Extracted data entries:
______

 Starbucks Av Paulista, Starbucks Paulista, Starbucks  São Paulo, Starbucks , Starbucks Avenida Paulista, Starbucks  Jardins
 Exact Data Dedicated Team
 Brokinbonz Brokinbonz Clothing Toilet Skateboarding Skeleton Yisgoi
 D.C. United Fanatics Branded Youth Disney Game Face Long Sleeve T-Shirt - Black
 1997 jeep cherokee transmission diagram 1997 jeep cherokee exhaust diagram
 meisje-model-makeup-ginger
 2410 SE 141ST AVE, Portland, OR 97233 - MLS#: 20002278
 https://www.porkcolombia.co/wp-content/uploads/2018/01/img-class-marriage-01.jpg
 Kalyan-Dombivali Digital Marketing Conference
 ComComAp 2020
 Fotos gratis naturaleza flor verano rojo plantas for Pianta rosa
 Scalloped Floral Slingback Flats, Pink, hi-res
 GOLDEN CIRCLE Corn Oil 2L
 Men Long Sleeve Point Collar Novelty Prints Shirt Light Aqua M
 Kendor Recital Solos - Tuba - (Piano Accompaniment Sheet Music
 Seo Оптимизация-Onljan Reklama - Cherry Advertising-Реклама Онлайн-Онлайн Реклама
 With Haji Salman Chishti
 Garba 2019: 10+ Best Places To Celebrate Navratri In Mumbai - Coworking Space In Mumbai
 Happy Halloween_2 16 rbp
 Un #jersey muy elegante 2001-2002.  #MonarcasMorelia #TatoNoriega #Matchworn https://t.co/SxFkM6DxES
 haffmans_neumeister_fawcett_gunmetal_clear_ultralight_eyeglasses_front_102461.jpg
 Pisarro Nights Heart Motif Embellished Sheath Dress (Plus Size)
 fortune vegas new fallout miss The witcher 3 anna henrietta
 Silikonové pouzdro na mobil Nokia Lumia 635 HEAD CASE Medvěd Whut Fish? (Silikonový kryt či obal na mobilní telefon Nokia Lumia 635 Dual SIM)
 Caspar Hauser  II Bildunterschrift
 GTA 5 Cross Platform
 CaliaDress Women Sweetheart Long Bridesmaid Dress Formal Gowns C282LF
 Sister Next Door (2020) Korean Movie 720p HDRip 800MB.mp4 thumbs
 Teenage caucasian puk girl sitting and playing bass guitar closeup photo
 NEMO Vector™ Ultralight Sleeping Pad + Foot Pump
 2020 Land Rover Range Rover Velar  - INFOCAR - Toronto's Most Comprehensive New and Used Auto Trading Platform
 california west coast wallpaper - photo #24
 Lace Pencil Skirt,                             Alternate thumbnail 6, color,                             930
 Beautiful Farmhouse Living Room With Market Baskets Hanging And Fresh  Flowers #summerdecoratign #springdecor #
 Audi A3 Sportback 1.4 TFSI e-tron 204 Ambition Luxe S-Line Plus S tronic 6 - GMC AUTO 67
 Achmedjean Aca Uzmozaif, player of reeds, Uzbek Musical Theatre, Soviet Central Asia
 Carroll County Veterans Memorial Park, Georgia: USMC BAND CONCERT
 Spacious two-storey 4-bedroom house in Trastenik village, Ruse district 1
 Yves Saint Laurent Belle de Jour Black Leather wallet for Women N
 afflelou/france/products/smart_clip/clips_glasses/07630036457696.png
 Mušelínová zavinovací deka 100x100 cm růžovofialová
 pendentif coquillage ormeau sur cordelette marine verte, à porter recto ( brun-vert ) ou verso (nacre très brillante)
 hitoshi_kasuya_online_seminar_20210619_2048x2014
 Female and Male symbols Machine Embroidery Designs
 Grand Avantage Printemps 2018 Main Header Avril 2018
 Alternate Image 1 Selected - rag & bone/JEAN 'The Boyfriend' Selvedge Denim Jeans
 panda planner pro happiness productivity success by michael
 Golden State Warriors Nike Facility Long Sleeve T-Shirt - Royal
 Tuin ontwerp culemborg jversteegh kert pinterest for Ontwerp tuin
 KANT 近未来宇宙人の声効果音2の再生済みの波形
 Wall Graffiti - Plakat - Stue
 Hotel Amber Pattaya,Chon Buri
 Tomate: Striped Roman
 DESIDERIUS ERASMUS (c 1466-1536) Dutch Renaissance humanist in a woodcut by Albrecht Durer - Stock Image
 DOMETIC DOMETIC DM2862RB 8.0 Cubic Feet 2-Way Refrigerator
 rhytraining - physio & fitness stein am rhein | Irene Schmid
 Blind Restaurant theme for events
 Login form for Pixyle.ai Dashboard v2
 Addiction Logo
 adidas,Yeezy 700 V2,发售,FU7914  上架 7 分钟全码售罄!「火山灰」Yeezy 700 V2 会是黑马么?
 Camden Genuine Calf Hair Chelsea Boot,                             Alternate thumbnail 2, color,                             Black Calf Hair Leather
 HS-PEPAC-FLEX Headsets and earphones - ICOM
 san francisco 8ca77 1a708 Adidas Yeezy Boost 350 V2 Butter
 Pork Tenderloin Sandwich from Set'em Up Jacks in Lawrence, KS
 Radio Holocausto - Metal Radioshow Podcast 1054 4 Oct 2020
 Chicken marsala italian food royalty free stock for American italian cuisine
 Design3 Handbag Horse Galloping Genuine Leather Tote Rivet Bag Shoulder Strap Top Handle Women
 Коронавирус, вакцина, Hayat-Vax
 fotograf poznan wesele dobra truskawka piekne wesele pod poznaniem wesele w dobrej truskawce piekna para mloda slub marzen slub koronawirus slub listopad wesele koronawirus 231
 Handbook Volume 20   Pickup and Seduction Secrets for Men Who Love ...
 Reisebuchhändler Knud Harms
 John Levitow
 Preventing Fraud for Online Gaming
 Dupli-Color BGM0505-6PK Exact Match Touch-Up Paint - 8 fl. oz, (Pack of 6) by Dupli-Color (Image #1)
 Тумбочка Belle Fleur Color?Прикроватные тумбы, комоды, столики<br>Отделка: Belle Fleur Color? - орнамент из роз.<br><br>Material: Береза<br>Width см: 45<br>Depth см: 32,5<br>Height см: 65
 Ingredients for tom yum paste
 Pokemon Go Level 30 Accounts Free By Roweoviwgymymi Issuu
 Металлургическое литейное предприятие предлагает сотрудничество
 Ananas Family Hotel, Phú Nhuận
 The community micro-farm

______

The answer is the full set of records, printed exactly as given.

 Starbucks Av Paulista, Starbucks Paulista, Starbucks  São Paulo, Starbucks , Starbucks Avenida Paulista, Starbucks  Jardins
 Exact Data Dedicated Team
 Brokinbonz Brokinbonz Clothing Toilet Skateboarding Skeleton Yisgoi
 D.C. United Fanatics Branded Youth Disney Game Face Long Sleeve T-Shirt - Black
 1997 jeep cherokee transmission diagram 1997 jeep cherokee exhaust diagram
 meisje-model-makeup-ginger
 2410 SE 141ST AVE, Portland, OR 97233 - MLS#: 20002278
 https://www.porkcolombia.co/wp-content/uploads/2018/01/img-class-marriage-01.jpg
 Kalyan-Dombivali Digital Marketing Conference
 ComComAp 2020
 Fotos gratis naturaleza flor verano rojo plantas for Pianta rosa
 Scalloped Floral Slingback Flats, Pink, hi-res
 GOLDEN CIRCLE Corn Oil 2L
 Men Long Sleeve Point Collar Novelty Prints Shirt Light Aqua M
 Kendor Recital Solos - Tuba - (Piano Accompaniment Sheet Music
 Seo Оптимизация-Onljan Reklama - Cherry Advertising-Реклама Онлайн-Онлайн Реклама
 With Haji Salman Chishti
 Garba 2019: 10+ Best Places To Celebrate Navratri In Mumbai - Coworking Space In Mumbai
 Happy Halloween_2 16 rbp
 Un #jersey muy elegante 2001-2002.  #MonarcasMorelia #TatoNoriega #Matchworn https://t.co/SxFkM6DxES
 haffmans_neumeister_fawcett_gunmetal_clear_ultralight_eyeglasses_front_102461.jpg
 Pisarro Nights Heart Motif Embellished Sheath Dress (Plus Size)
 fortune vegas new fallout miss The witcher 3 anna henrietta
 Silikonové pouzdro na mobil Nokia Lumia 635 HEAD CASE Medvěd Whut Fish? (Silikonový kryt či obal na mobilní telefon Nokia Lumia 635 Dual SIM)
 Caspar Hauser  II Bildunterschrift
 GTA 5 Cross Platform
 CaliaDress Women Sweetheart Long Bridesmaid Dress Formal Gowns C282LF
 Sister Next Door (2020) Korean Movie 720p HDRip 800MB.mp4 thumbs
 Teenage caucasian puk girl sitting and playing bass guitar closeup photo
 NEMO Vector™ Ultralight Sleeping Pad + Foot Pump
 2020 Land Rover Range Rover Velar  - INFOCAR - Toronto's Most Comprehensive New and Used Auto Trading Platform
 california west coast wallpaper - photo #24
 Lace Pencil Skirt,                             Alternate thumbnail 6, color,                             930
 Beautiful Farmhouse Living Room With Market Baskets Hanging And Fresh  Flowers #summerdecoratign #springdecor #
 Audi A3 Sportback 1.4 TFSI e-tron 204 Ambition Luxe S-Line Plus S tronic 6 - GMC AUTO 67
 Achmedjean Aca Uzmozaif, player of reeds, Uzbek Musical Theatre, Soviet Central Asia
 Carroll County Veterans Memorial Park, Georgia: USMC BAND CONCERT
 Spacious two-storey 4-bedroom house in Trastenik village, Ruse district 1
 Yves Saint Laurent Belle de Jour Black Leather wallet for Women N
 afflelou/france/products/smart_clip/clips_glasses/07630036457696.png
 Mušelínová zavinovací deka 100x100 cm růžovofialová
 pendentif coquillage ormeau sur cordelette marine verte, à porter recto ( brun-vert ) ou verso (nacre très brillante)
 hitoshi_kasuya_online_seminar_20210619_2048x2014
 Female and Male symbols Machine Embroidery Designs
 Grand Avantage Printemps 2018 Main Header Avril 2018
 Alternate Image 1 Selected - rag & bone/JEAN 'The Boyfriend' Selvedge Denim Jeans
 panda planner pro happiness productivity success by michael
 Golden State Warriors Nike Facility Long Sleeve T-Shirt - Royal
 Tuin ontwerp culemborg jversteegh kert pinterest for Ontwerp tuin
 KANT 近未来宇宙人の声効果音2の再生済みの波形
 Wall Graffiti - Plakat - Stue
 Hotel Amber Pattaya,Chon Buri
 Tomate: Striped Roman
 DESIDERIUS ERASMUS (c 1466-1536) Dutch Renaissance humanist in a woodcut by Albrecht Durer - Stock Image
 DOMETIC DOMETIC DM2862RB 8.0 Cubic Feet 2-Way Refrigerator
 rhytraining - physio & fitness stein am rhein | Irene Schmid
 Blind Restaurant theme for events
 Login form for Pixyle.ai Dashboard v2
 Addiction Logo
 adidas,Yeezy 700 V2,发售,FU7914  上架 7 分钟全码售罄!「火山灰」Yeezy 700 V2 会是黑马么?
 Camden Genuine Calf Hair Chelsea Boot,                             Alternate thumbnail 2, color,                             Black Calf Hair Leather
 HS-PEPAC-FLEX Headsets and earphones - ICOM
 san francisco 8ca77 1a708 Adidas Yeezy Boost 350 V2 Butter
 Pork Tenderloin Sandwich from Set'em Up Jacks in Lawrence, KS
 Radio Holocausto - Metal Radioshow Podcast 1054 4 Oct 2020
 Chicken marsala italian food royalty free stock for American italian cuisine
 Design3 Handbag Horse Galloping Genuine Leather Tote Rivet Bag Shoulder Strap Top Handle Women
 Коронавирус, вакцина, Hayat-Vax
 fotograf poznan wesele dobra truskawka piekne wesele pod poznaniem wesele w dobrej truskawce piekna para mloda slub marzen slub koronawirus slub listopad wesele koronawirus 231
 Handbook Volume 20   Pickup and Seduction Secrets for Men Who Love ...
 Reisebuchhändler Knud Harms
 John Levitow
 Preventing Fraud for Online Gaming
 Dupli-Color BGM0505-6PK Exact Match Touch-Up Paint - 8 fl. oz, (Pack of 6) by Dupli-Color (Image #1)
 Тумбочка Belle Fleur Color?Прикроватные тумбы, комоды, столики<br>Отделка: Belle Fleur Color? - орнамент из роз.<br><br>Material: Береза<br>Width см: 45<br>Depth см: 32,5<br>Height см: 65
 Ingredients for tom yum paste
 Pokemon Go Level 30 Accounts Free By Roweoviwgymymi Issuu
 Металлургическое литейное предприятие предлагает сотрудничество
 Ananas Family Hotel, Phú Nhuận
 The community micro-farm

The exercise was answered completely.